The training process repeats a given number of times or until the differences between the decompressed and the original uncompressed word embeddings are at a given amount or level, or do not decrease any more. For example, in one embodiment, the training process repeats until the differences between the decompressed and the original uncompressed word embeddings equal or are less than a threshold value (or do not decrease).

FIG. 7 is a flowchart illustrating an example method of training a natural language processing system. Initially, as shown in block 700, a NLPS is trained using original uncompressed word embeddings to produce a first set of actions that have been determined by the NLPS. In one embodiment, the NLPS is trained using word embeddings from one or more known datasets. After the training process, one or more parameters of the NLPS are updated or replaced with the parameter(s) of the trained decoder circuitry (block 705). As described earlier, in one embodiment, the NLPS is implemented as a neural network. Thus, one or more network parameters in the neural network can be updated with the parameter(s) of the decoder circuitry.
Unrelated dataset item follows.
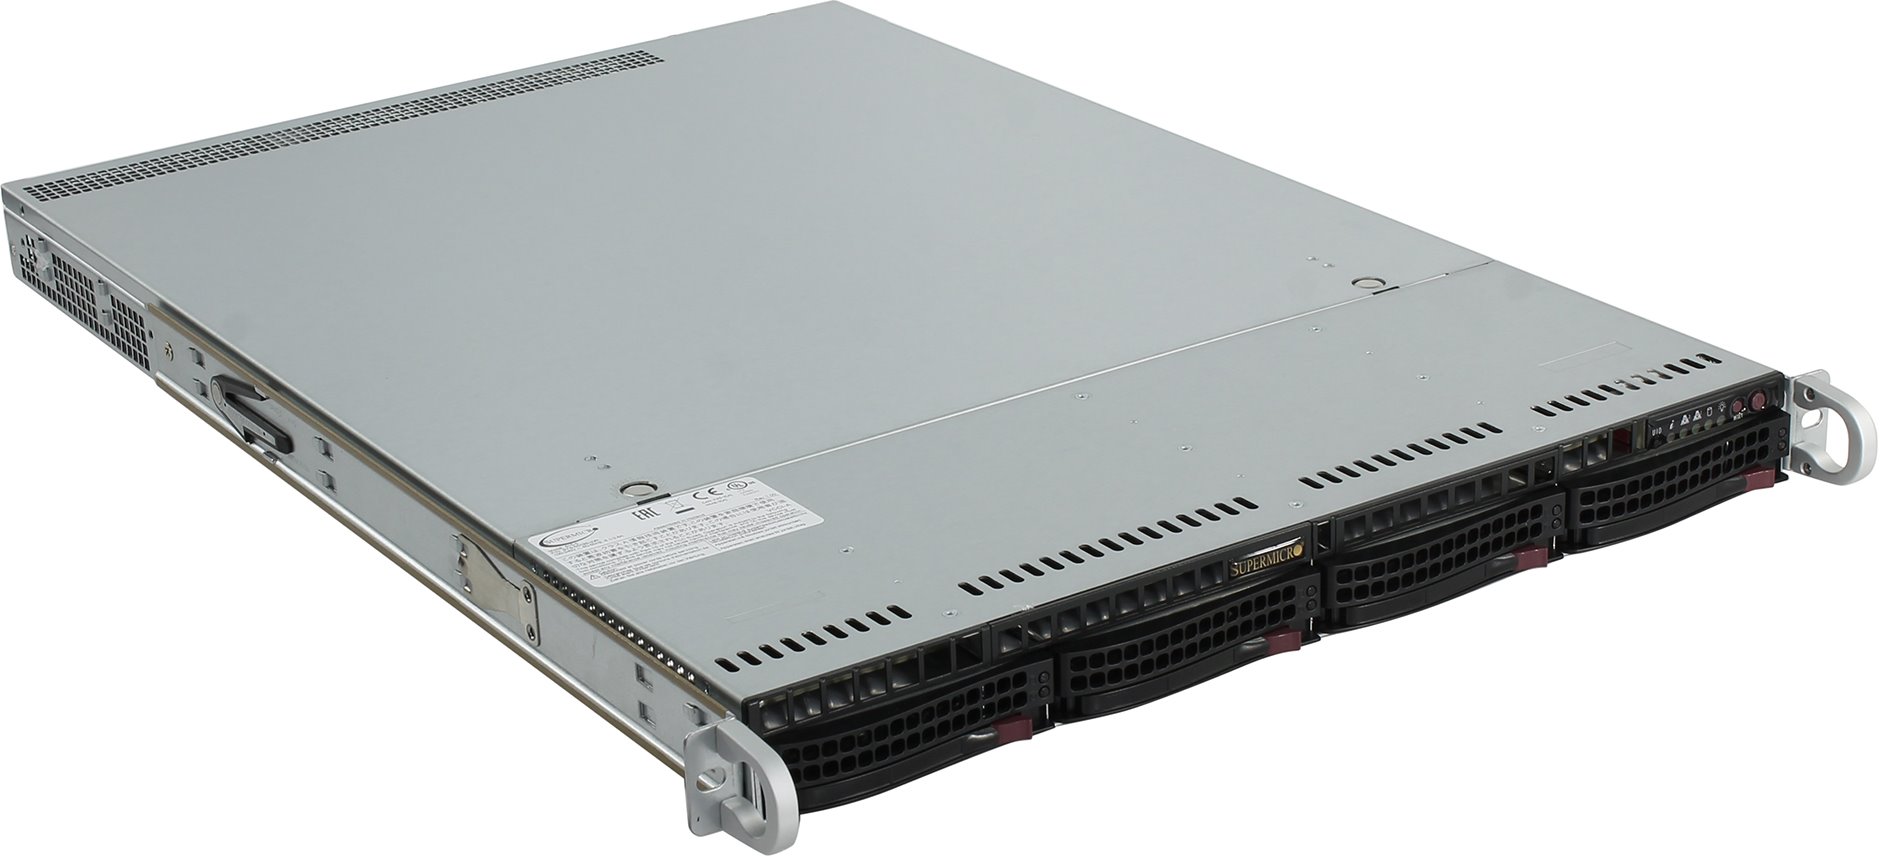 Платформа Supermicro SuperServer 1U 5019P-M noCPU(1)Scalable/TDP 70-165W/ no DIMM(6)/ SATARAID HDD(4)LFF/ 2xGbE/1xFH, M2/ 1x350W
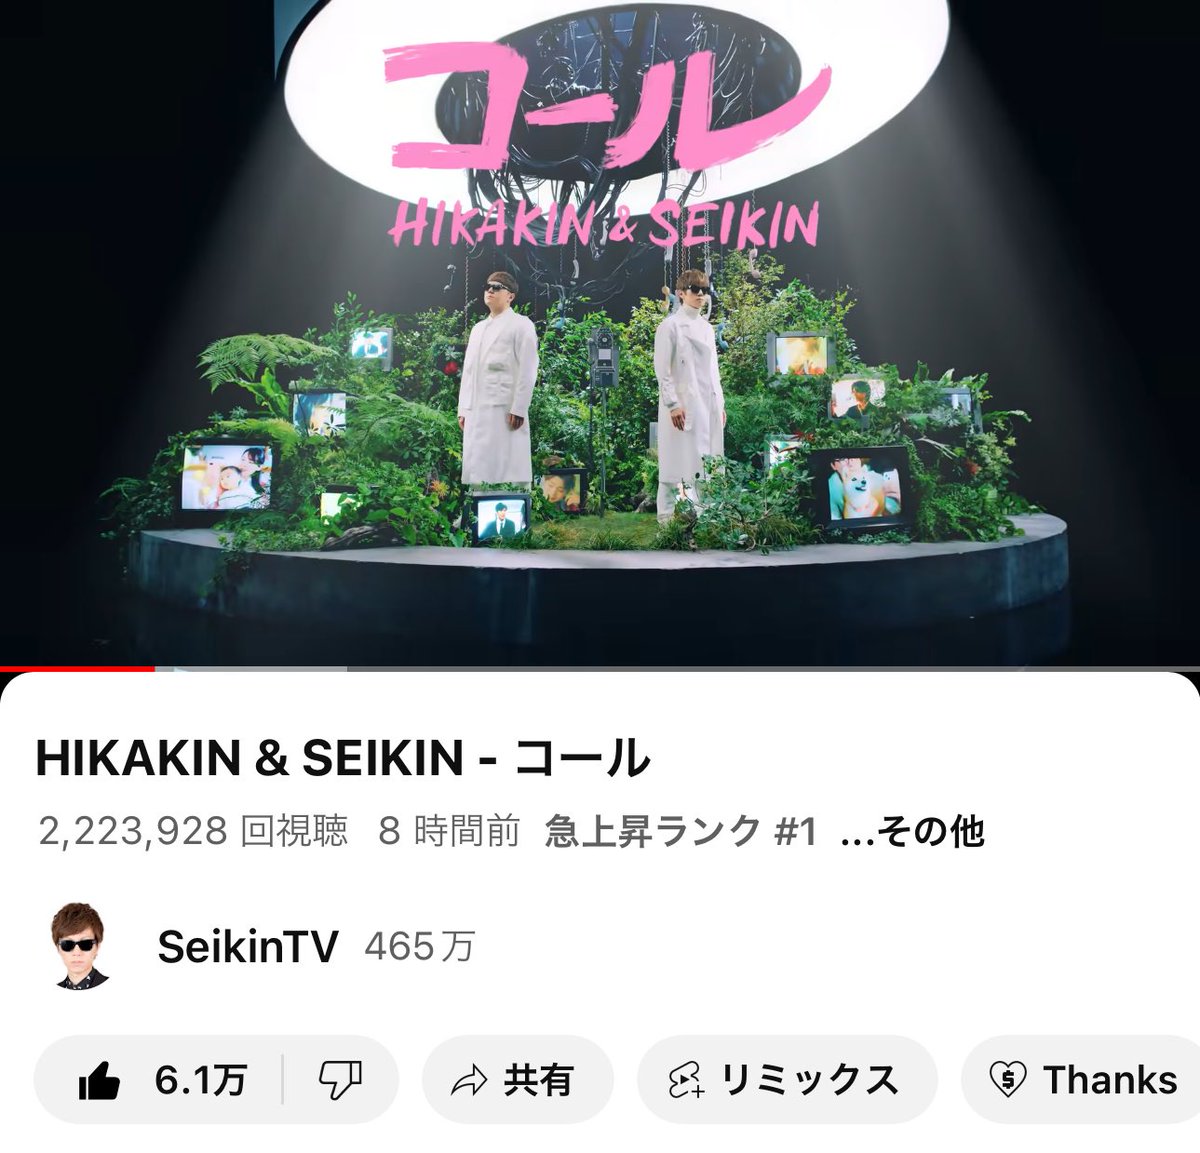 YouTube急上昇1位📞 ありがとうございます。 HIKAKIN & SEIKIN - コール youtu.be/bR88P1rui7g?si… @YouTube #ヒカキン #セイキン #コール

Thereafter, at block 710, the NLPS is trained a second time using compressed word embeddings that correspond to the original uncompressed word embeddings. In one embodiment, an auto-encoder described in conjunction with FIGS. 4-6 is used to generate the compressed word embeddings. During the training process, a second set of actions are determined by the NLPS based on the compressed word embeddings. One or more parameters in the NLPS are updated to improve the correctness or accuracy of the actions determined by the NLPS. In other words, the parameter(s) in the NLPS are adjusted to have the second set of actions match, substantially match, or be closer to the first set of actions produced at block 700.

FIG. 8 is a process flow diagram depicting an example method of training the NLPS using the compressed word embeddings. This operation may be performed at block 710 in FIG. 7. The training process includes the NLPS 800 receiving one or more compressed word embeddings (W_ec) 805. The NLPS 800 decompresses the compressed word embedding(s) 805 and processes the decompressed word embeddings to produce one or more predicted actions 810.

To eliminate or reduce errors in the processing of the decompressed word embeddings, which improves the accuracy of the predicted action(s), the predicted action(s) and the corresponding expected action(s) 815 are received and compared by a processing unit 820. Any suitable processing unit 820 may be used. Based on the comparison, the processing unit 820 provides one or more compensation or correction values (CV) 825 to the NLPS 800. One or more parameters of the NLPS 800 (e.g., one or more network parameters of the neural network) can be updated based on the compensation value(s) 825 to have the predicted actions 810 match, substantially match, or be closer to the expected actions 815.

The training process repeats a given number of times or until the differences between the expected and the predicted actions are at a given level. For example, in one embodiment, the training process repeats until the correctness or accuracy of the predicted responses equals or is greater than a particular confidence value (or do not improve).

FIGS. 9-11 and the associated descriptions provide a discussion of a variety of operating environments in which aspects of the disclosure may be practiced. However, the devices and systems illustrated and discussed with respect to FIGS. 9-11 are for purposes of example and illustration and are not limiting of a vast number of electronic device configurations that may be utilized for practicing aspects of the disclosure, as described herein.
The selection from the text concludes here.